Alice in Chains
1000 Recordings to Hear Before You Die + 1001 Albums You Must Hear Before You Die
Many a musician has found themselves wound up in an addiction to heroin, including several we’ve already looked at. Some have found inspiration in the drug, and so many more have found destruction. I would argue that Alice in Chains was more profoundly influenced by heroin than any other band in history. Two of the members who were with the band during “Dirt” later died in overdoses. As horrible as it sounds, heroin also served as a muse for the group’s best music.
If you listen to both “Dirt” and the band’s debut, “Facelift,” you notice an audible change in attitude.
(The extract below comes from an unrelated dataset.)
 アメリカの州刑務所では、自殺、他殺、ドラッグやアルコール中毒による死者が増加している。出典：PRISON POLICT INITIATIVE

Both albums focus heavily on drug use, but “Facelift” (although never happy per se) takes a more rock ‘n’ roll attitude towards addiction. On “Dirt,” the band seems to realize that these habits would eventually result in their demise, and as a result, the mood is even darker than before.
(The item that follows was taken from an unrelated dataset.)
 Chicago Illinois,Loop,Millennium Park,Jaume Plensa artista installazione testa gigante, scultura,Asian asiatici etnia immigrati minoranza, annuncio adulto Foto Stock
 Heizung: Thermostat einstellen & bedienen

The songs on drugs and mortality are the most prominent. “Them Bones” kicks off the album with looming chords and a fantastic, dark solo from guitarist Jerry Cantrell. “Rain When I Die” and “Hate To Feel” showcase vocalist Layne Staley’s brutal honesty on the matter, the latter featuring him lamenting “All this time I swore I’d never be like my old man.”
Even when the band didn’t focus on the drugs, the subject matter was just as dark and equally based in truth. Single “Rooster” details Cantrell’s father’s time in Vietnam, the unusually confrontational “Dam That River” is Cantrell’s reaction to drummer Sean Kinney smashing a glass tabletop over his head during a fight, and “Would?” (which features an amazing opening bass line from Mike Starr) is an ode to deceased Mother Love Bone vocalist Andrew Wood.
Aside from personal experience, the quality that made Alice in Chains great was the chemistry between Cantrell and Staley, who shared similar struggles, which allowed Cantrell to write guitar parts that were perfect accompaniments to Staley’s prose, plus the harmonies that the two shared.
The chemistry would be short lived however. Despite releasing several EPs and one more full length album, the band never lived up to its earlier work. Staley would separate from the band and die in 2002. Starr would die in 2011. Cantrell and Kinney are clean and released a new AIC record in 2009. I’m honestly glad that those two turned their lives around, but it is with guilt that I confess that the group’s best work came under the supervision of addiction.
INTERESTING FACT: “Intro (Dream Sequence)” is a short track based around a riff Cantrell would play to annoy his fellow band mates. He agreed to never play it again if it made the album.